(Collected data entries)
== Segment start ==
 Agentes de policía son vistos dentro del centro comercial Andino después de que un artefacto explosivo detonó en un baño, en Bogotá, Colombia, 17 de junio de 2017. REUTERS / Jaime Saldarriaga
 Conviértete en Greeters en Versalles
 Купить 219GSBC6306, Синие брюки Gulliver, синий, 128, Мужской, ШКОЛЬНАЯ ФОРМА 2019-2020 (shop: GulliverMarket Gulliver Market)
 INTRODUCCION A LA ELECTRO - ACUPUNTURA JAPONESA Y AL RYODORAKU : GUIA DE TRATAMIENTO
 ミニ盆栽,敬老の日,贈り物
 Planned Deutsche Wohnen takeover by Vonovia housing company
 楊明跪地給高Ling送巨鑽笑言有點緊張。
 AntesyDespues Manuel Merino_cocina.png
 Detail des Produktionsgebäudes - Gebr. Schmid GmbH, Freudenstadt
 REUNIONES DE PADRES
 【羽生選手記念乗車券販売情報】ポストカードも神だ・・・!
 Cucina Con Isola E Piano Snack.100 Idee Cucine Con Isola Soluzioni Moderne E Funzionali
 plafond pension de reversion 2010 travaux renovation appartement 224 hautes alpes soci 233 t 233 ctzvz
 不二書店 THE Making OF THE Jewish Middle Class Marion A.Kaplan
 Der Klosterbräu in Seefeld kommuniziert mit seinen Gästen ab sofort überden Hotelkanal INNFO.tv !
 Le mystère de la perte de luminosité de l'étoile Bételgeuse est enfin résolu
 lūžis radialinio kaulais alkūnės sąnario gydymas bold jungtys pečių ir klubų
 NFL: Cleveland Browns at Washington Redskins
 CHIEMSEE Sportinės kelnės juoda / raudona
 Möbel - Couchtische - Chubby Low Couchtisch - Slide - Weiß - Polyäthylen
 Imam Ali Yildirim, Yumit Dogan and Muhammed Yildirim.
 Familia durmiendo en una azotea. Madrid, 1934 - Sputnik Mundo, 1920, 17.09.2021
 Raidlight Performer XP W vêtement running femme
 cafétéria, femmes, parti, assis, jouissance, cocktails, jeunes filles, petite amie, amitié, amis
== Segment end ==
# [Action item]
Using the entries above, give back exactly the line containing "Купить 219GSBC6306, Синие", the line containing "Cucina Con Isola", and every line between them, and nothing else.

# [Answer to this task]
 Купить 219GSBC6306, Синие брюки Gulliver, синий, 128, Мужской, ШКОЛЬНАЯ ФОРМА 2019-2020 (shop: GulliverMarket Gulliver Market)
 INTRODUCCION A LA ELECTRO - ACUPUNTURA JAPONESA Y AL RYODORAKU : GUIA DE TRATAMIENTO
 ミニ盆栽,敬老の日,贈り物
 Planned Deutsche Wohnen takeover by Vonovia housing company
 楊明跪地給高Ling送巨鑽笑言有點緊張。
 AntesyDespues Manuel Merino_cocina.png
 Detail des Produktionsgebäudes - Gebr. Schmid GmbH, Freudenstadt
 REUNIONES DE PADRES
 【羽生選手記念乗車券販売情報】ポストカードも神だ・・・!
 Cucina Con Isola E Piano Snack.100 Idee Cucine Con Isola Soluzioni Moderne E Funzionali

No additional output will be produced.